**Exercise data:**
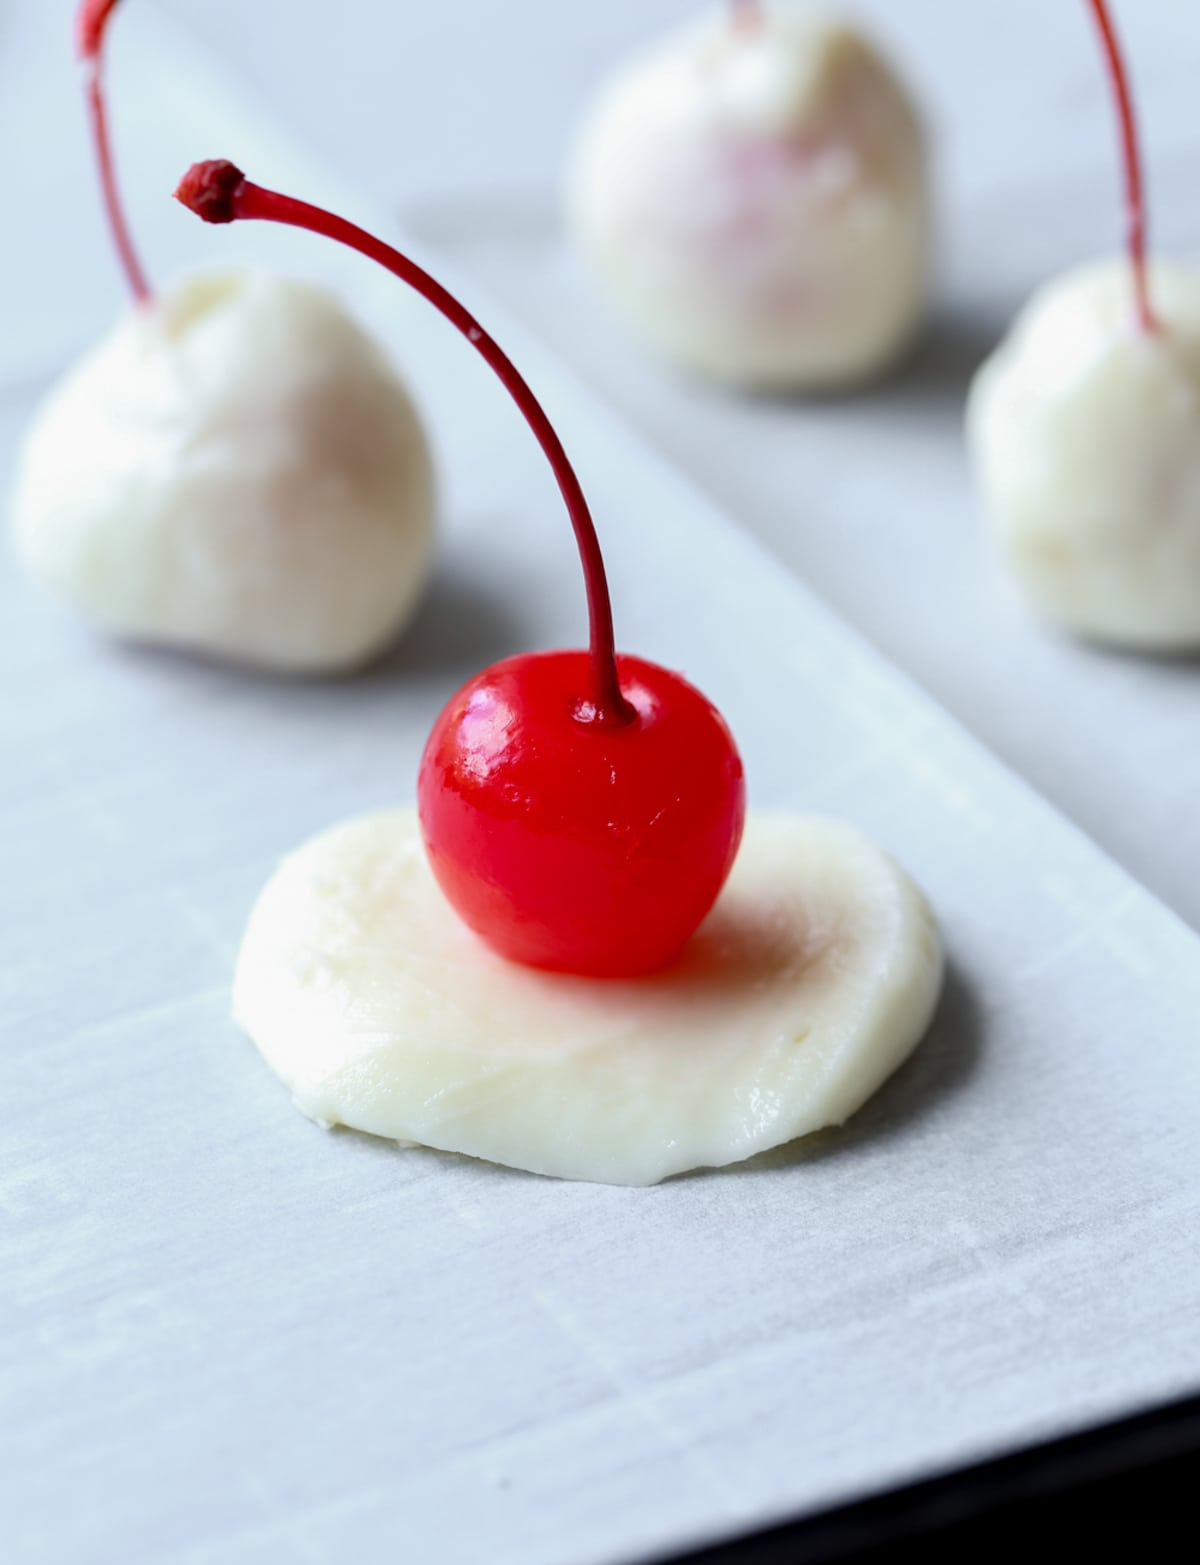 A red Maraschino cherry on a disc of fondant before being coated.
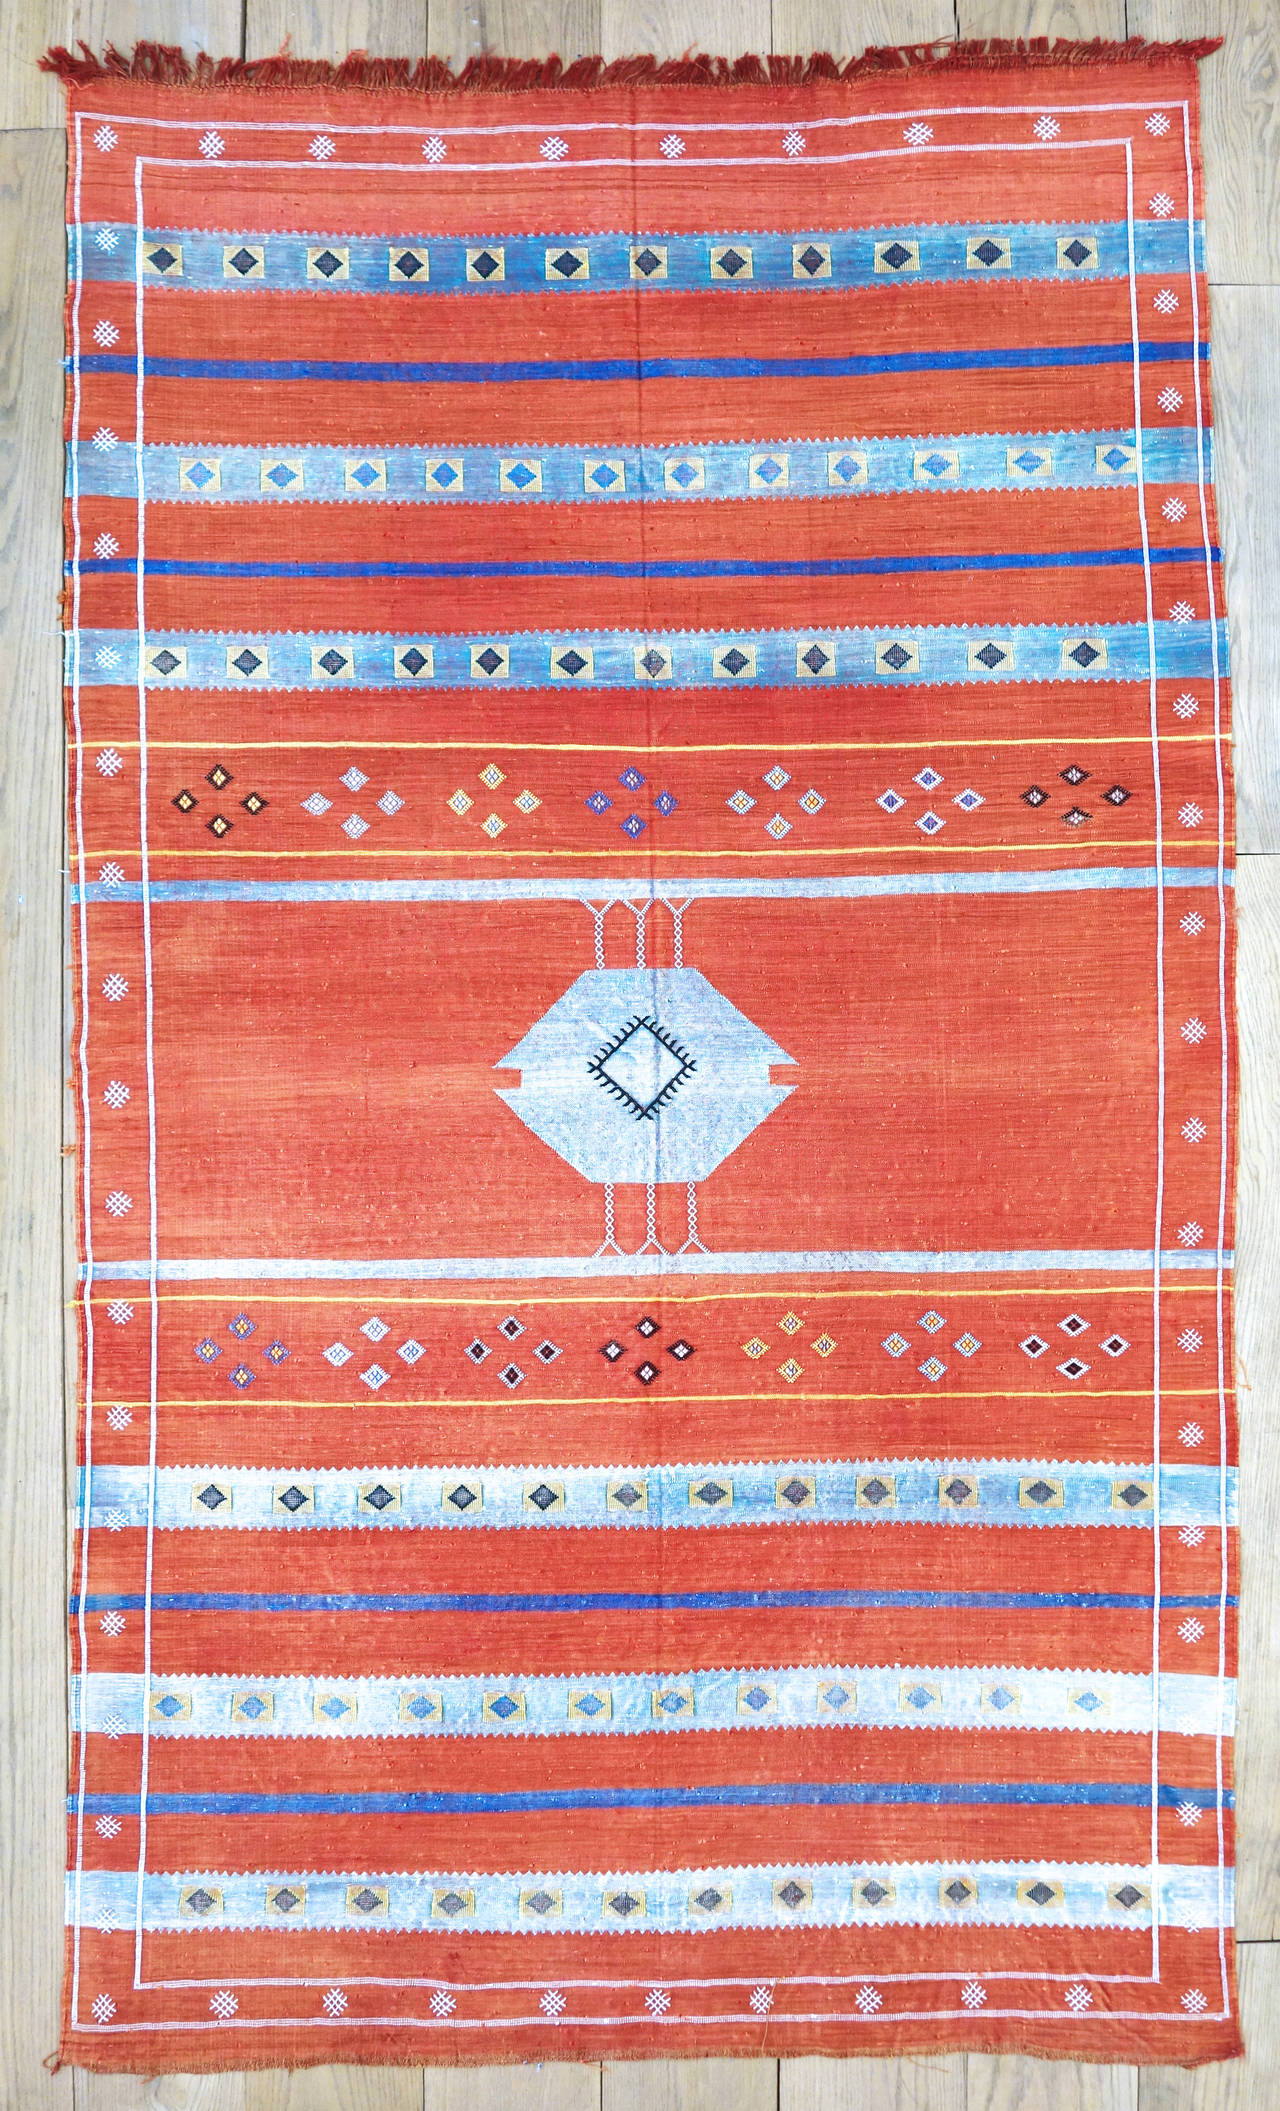 For centuries, the Berbers have woven a kind of silk from the agave plant, pounding and soaking the leaves until the fibers separate, then spinning the fibers by hand to create an extremely durable thread. This is woven on looms with other
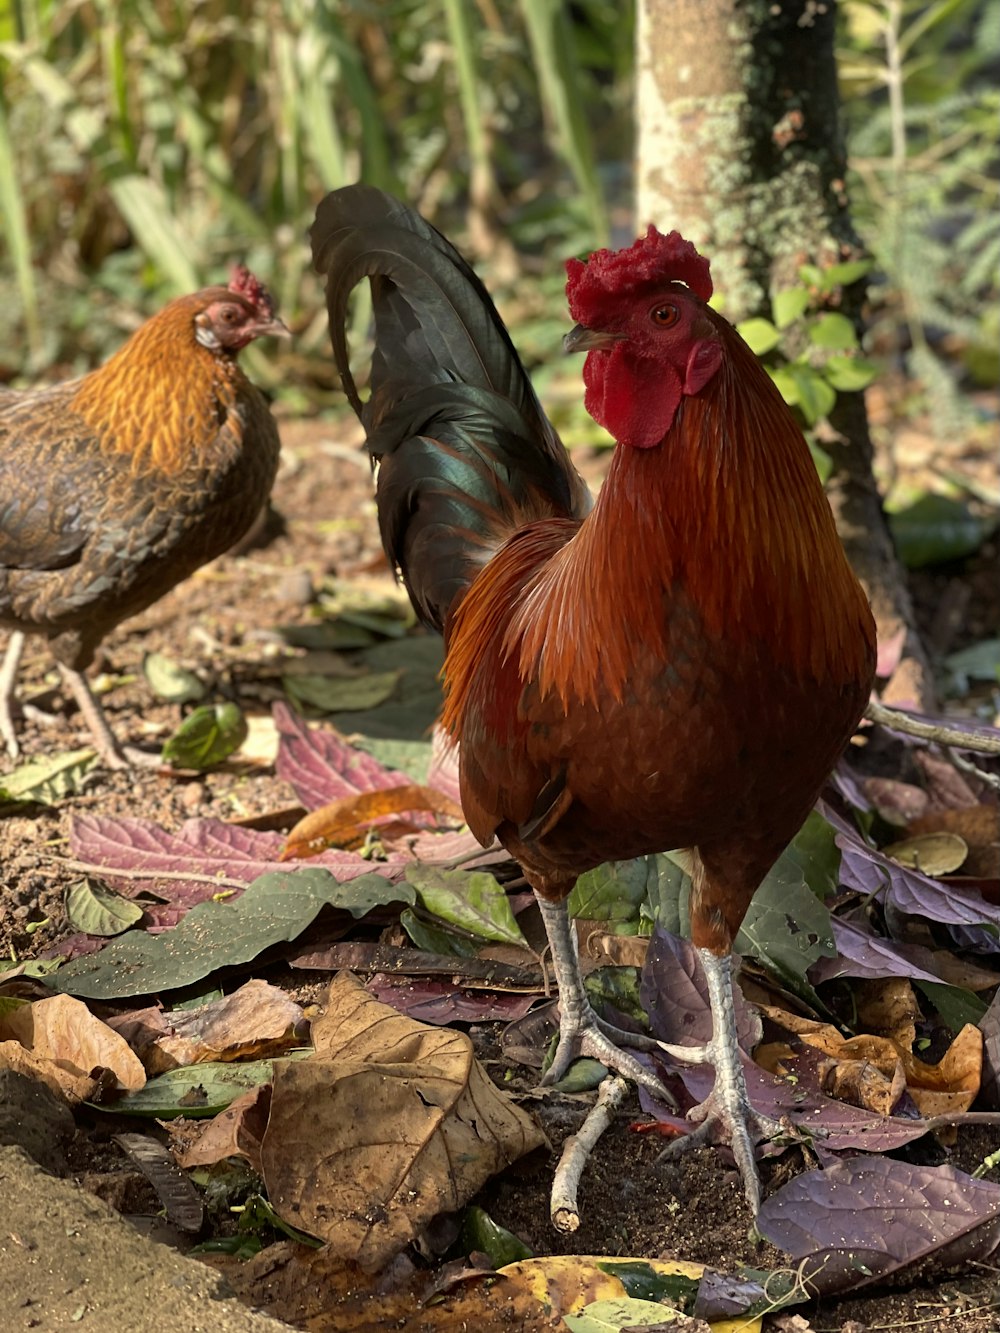 a rooster and a rooster are standing on the ground

**Exercise directions:**
Copy all the data exactly as written, but skip any picture.

**Completed task:**
 A red Maraschino cherry on a disc of fondant before being coated.
 For centuries, the Berbers have woven a kind of silk from the agave plant, pounding and soaking the leaves until the fibers separate, then spinning the fibers by hand to create an extremely durable thread. This is woven on looms with other
 a rooster and a rooster are standing on the ground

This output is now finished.